In November of last year, many of the men from GPBC joined one another at a Men’s Retreat in Turner, Oregon. It was a rich time of fellowship and fun. To have had the opportunity to spend time studying and thinking of things that God had to say to us was a blessing for all. As I have thought about that time of relaxing and simply hanging out, I was struck by the unity displayed among this group of men and some of the experiences many shared with me and I know with one another.
The undergirding theme of the weekend was “love” and more specifically “love that issues from a pure heart and a good conscience and a sincere faith” (I Timothy 1:5, ESV). The unity manifest in this relatively small group does not happen naturally. It takes sacrifice and commitment, both of which run contrary to our human nature. Now if you are anything like me you’d probably agree that it is so much easier to love “me” than to love “you.” I had to confess to myself that I am afflicted with the terminal disease I call “I-I’tis”. (I hope none of you suffer the same thing!) In retrospect, I now think about what things or behaviors I manifest that impact that unity. And of course I have had to admit that at the heart of it is my “I-I’tis”.
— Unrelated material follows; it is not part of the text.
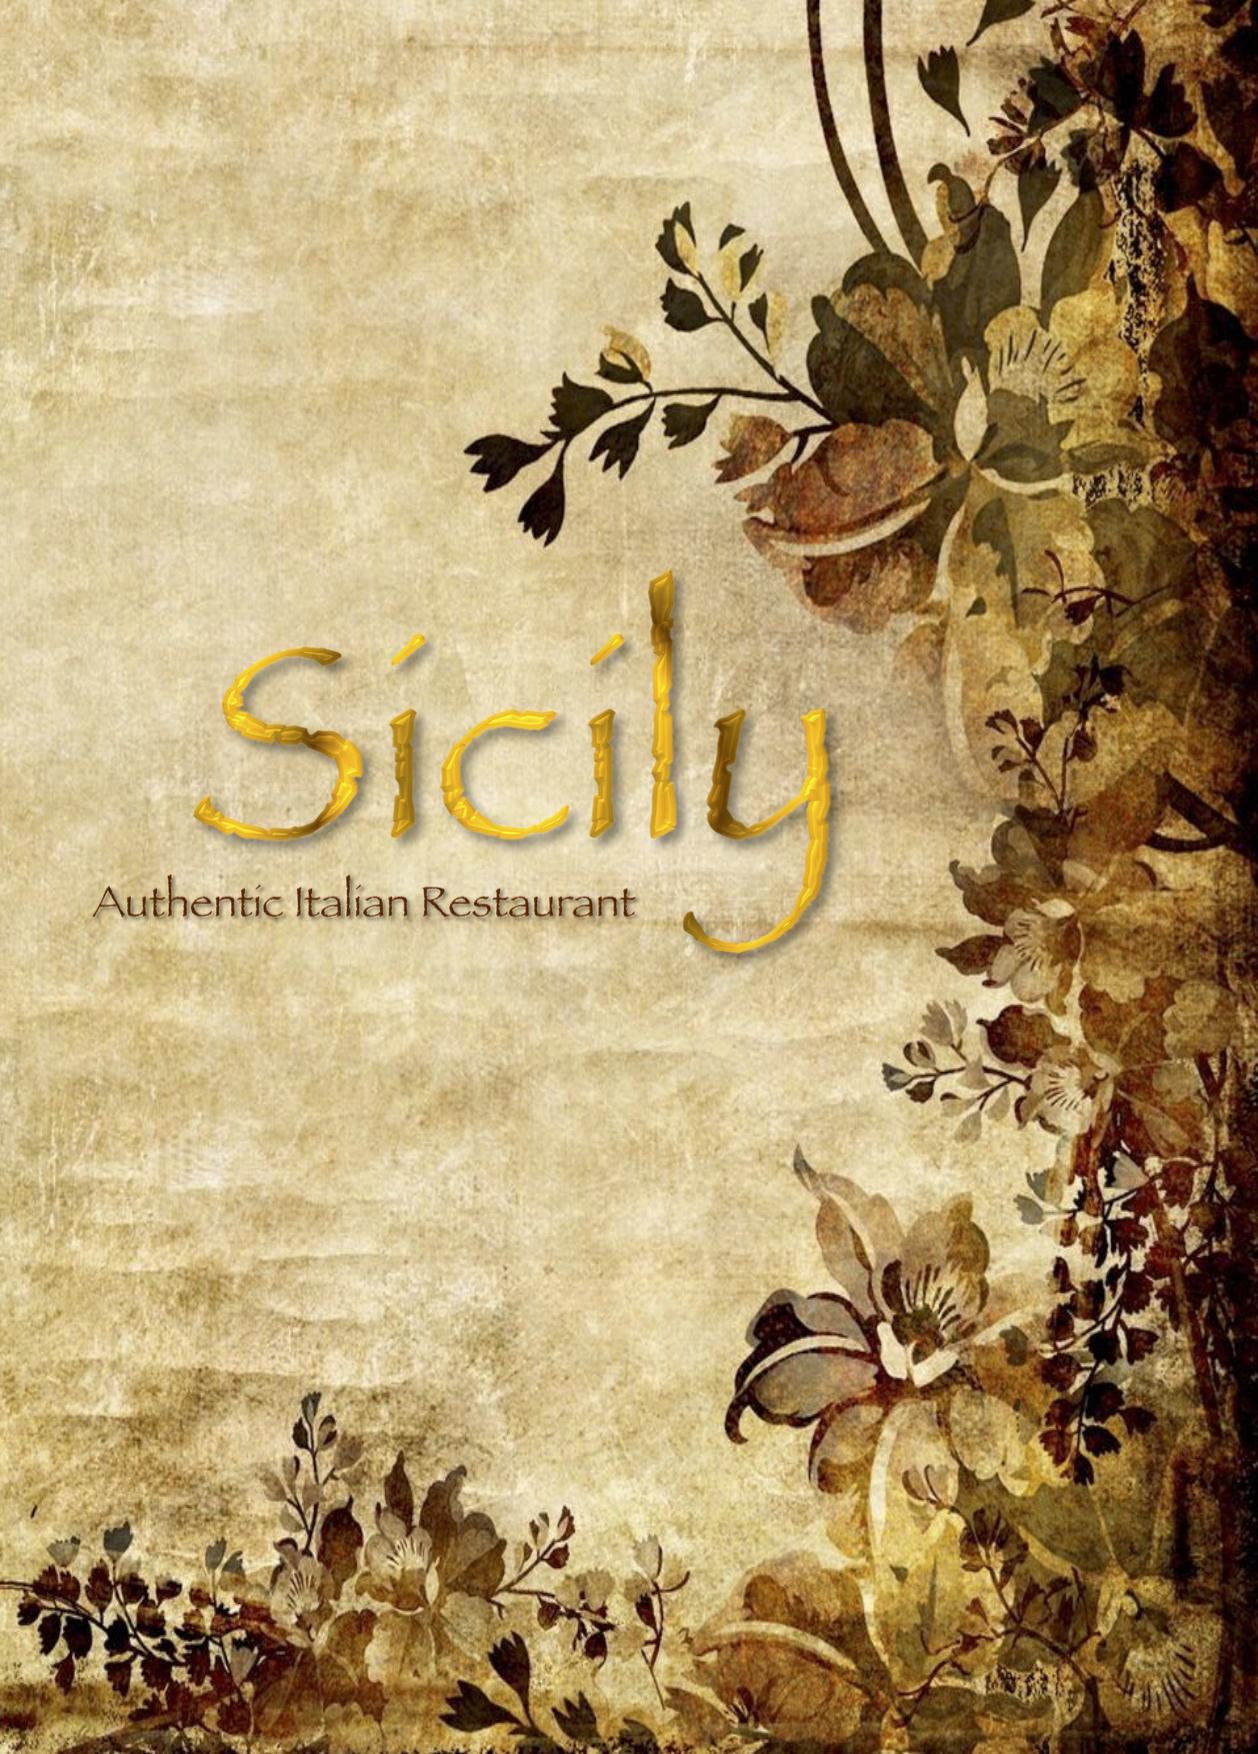 menu 2015 sicily1

Just a few days ago, while reading John 17, I saw something that had not stuck me as it did that day. This chapter in John is Jesus’s prayer for those that belong to Him and are submitting to Him (vs. 6). Jesus’ prayer was, in part, that we be “one.” He repeats it three times; verses 11, 21 and 22. Then in verse 23 I was really stricken by these words: “I in them and You in Me, that they may be perfected in unity, so that the world may know that You sent Me and loved them, even as You have loved Me.” This prompted me to think about His command from earlier in the book where Jesus said “A new commandment I give to you that you love one another; just as I have loved you, you also are to love one another. By this all men will know that you are My disciples, if you love one another” (John 13:34-35). Of course it made me ask myself; how do I love those who attend GPBC?
As I looked more carefully at John 17:21, it became pretty clear to me that it has to be by His indwelling life. This of course led to the question of how does His life manifest itself in me when I am so stricken by my “I-I’tis”. I was reminded again that it is a work that I am utterly inadequate to perform, but He is. So how then does His life and His love work its way through my disease. Not as simple as it may seem. If it is His work then what is my job? I was again reminded that I must turn to Him (II Corinthians 3:16), and He will deal with my disease. It is His work that brings about the change.
What is so remarkable about this is that when we turn to Him we are taking to heart His prayer for us. So, when we help one another turn to Him, we are in practice loving one another, and, as Jesus says, the world will notice. They will see something that cannot be explained in any other way than by Jesus. It is God at work. It is His Spirit that enables unity. We are called to “preserve the unity of the Spirit in the bond of peace” (Ephesians 4:3). My hope and prayer for this body of believers is that we strive to safeguard the unity we have in Him.